I didn't mean necessarily mean specific memories, but at least a more vague continuity of "sense of self," the "I" that is being reincarnated. Without the present "I" sensing a bit about having been the past "I," in what sense would they be the same, i.e. why would the new "I" be a reincarnation of the old, instead of a whole new thing? Something like whatever sense we have when, waking up each morning, we "know" we were the same person who went to sleep the last night. Having concrete, verifiable memories would certainly help prove the reincarnation.

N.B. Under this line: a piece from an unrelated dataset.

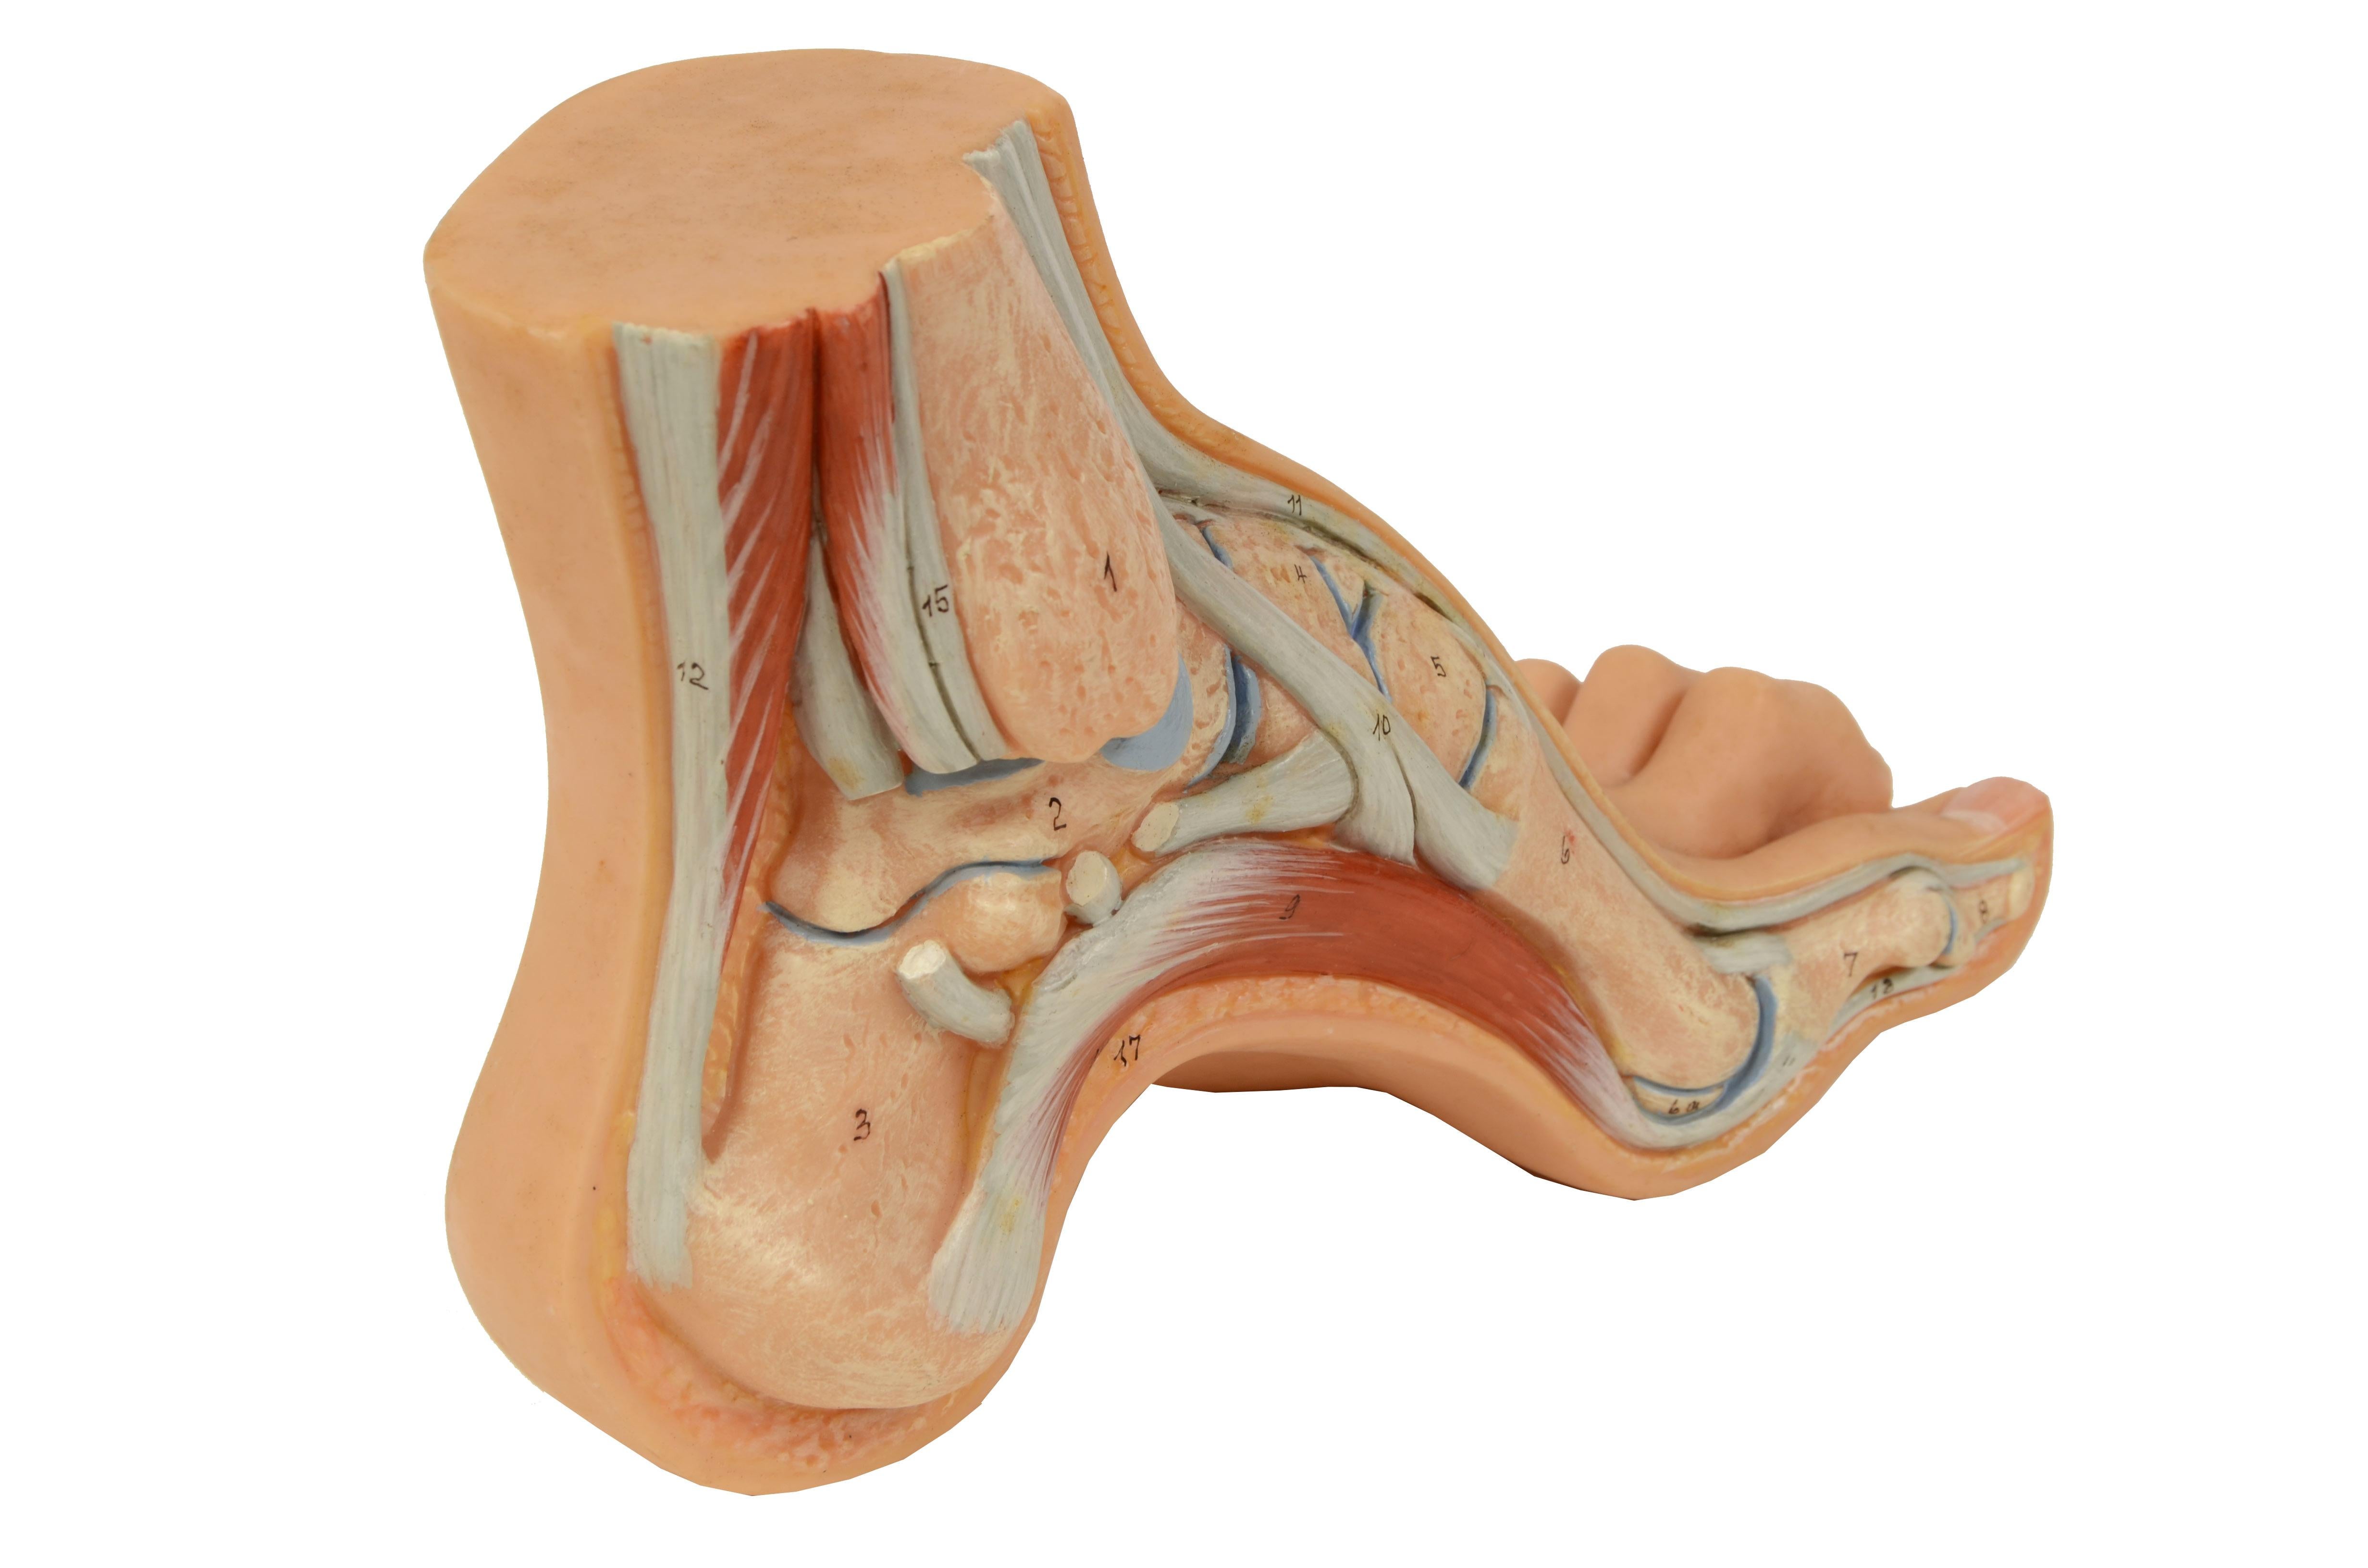 Anatomisches Lehrmodell in normaler Größe, das einen Hohlfuß im Schnitt zeigt, bei dem das Fußgewölbe stark ausgeprägt ist und die Fußauflage hauptsächlich auf dem Vorfuß und der Ferse liegt. 
Der geschnittene Teil zeigt die verschiedenen Teile des

If this continuity "fades away" after the first few years of an infants life, then this is an awfully weak sense of the word "reincarnation" --- at most, one would say that the life of the previous person is extended a couple years past their previous bodily death, to flail around in a barely-self-aware infant for a bit longer before permanently vanishing into the void ("replaced" by a new "I" that, lacking the self-identified continuity with the old, can hardly be said to be the same thing). Anyway, in this scenario, reincarnation would not provide a "chain" of mind that extends into the far past and indefinite future, because this would be broken (basically the same as an entirely non-reincarnational system) at every generation, only with a bit more time as an infant (perhaps returning the "lost" time from the previous infancy occupied by another, now lost and disconnected, mind).
So, what part of the "persona" do you think survives --- and why does this part deserve to be called the "same" persona reincarnated, rather than simply a "similar personality" (which is hardly a controversial claim, that younger people will grow up with the same distribution of general personalities as the preceding generation).